That took care of it. Thanks! However, I've run into another small
obstacle, and I'm wondering if you wouldn't mind looking this over? :-)
I decided to add another variable to the procedure, and have modified
the quoted text above to reflect my change. The change is the addition
of a variable called "pdx", which is set to equal the content of the dx
register in the basm body (dx = total clusters on disk).
When I try to get the total disk size in bytes with "(pcx*pal)*pdx",
the result is an arithmatic overflow. Turbo Pascal is apparently taking
the largest variable type present (word) and limiting the result of the
calculation to a 16 bit number, even though the result will be large
enough to constitute a longint. Thus, an overflow occurs. In order to
make this calculation work I've had to throw a longint() around around
one of the variables in order for the proper answer to be generated.

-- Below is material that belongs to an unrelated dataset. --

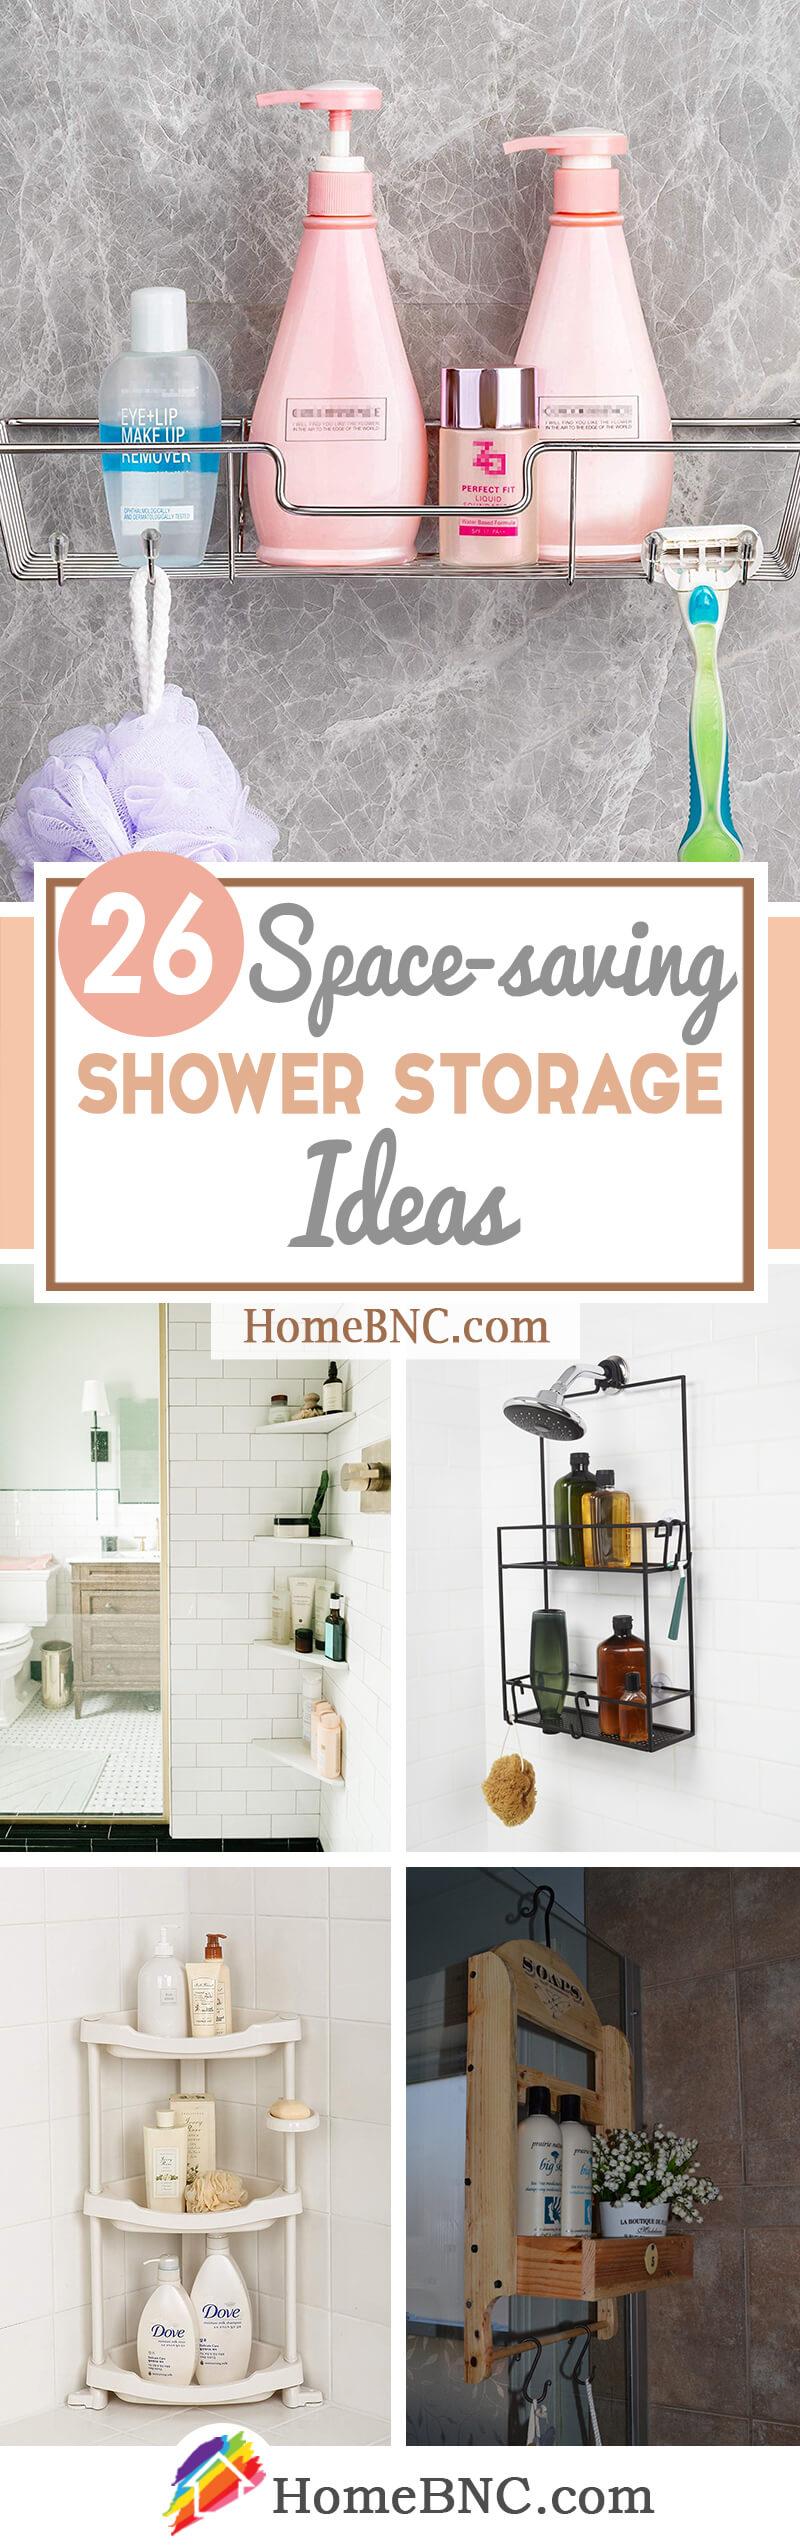 26 Best Shower Storage Ideas To Improve Your Bathroom In 2021

I don't understand why this is. I realize that pal is a BYTE variable
while pcx is a WORD variable, and that the numer I'm calculating will
qualify as a LONGINT. However, since I'm not setting the result TO a
byte or word variable, why would I get an arithmatic overflow? I can
do pretty much the same thing as follows, but THIS works fine:
var b1,b2:byte;
begin
b1:=255;
b2:=255;
write(b1+b2); { prints "510" }
end.
If the answer calculated here (510) is beyond the realm of an 8 bit byte
variable, why is it that when calculating an answer via (pcx*pal)*pdx--
which is also beyond the realm of the largest variable (a word)--I get
an arithmatic overflow?
I hope I'm being clear enough on this. <g> Thanks in advance.
Brian
SPAMBLOCK: remove ``SHOOSPAM'' from address if replying via e-mail.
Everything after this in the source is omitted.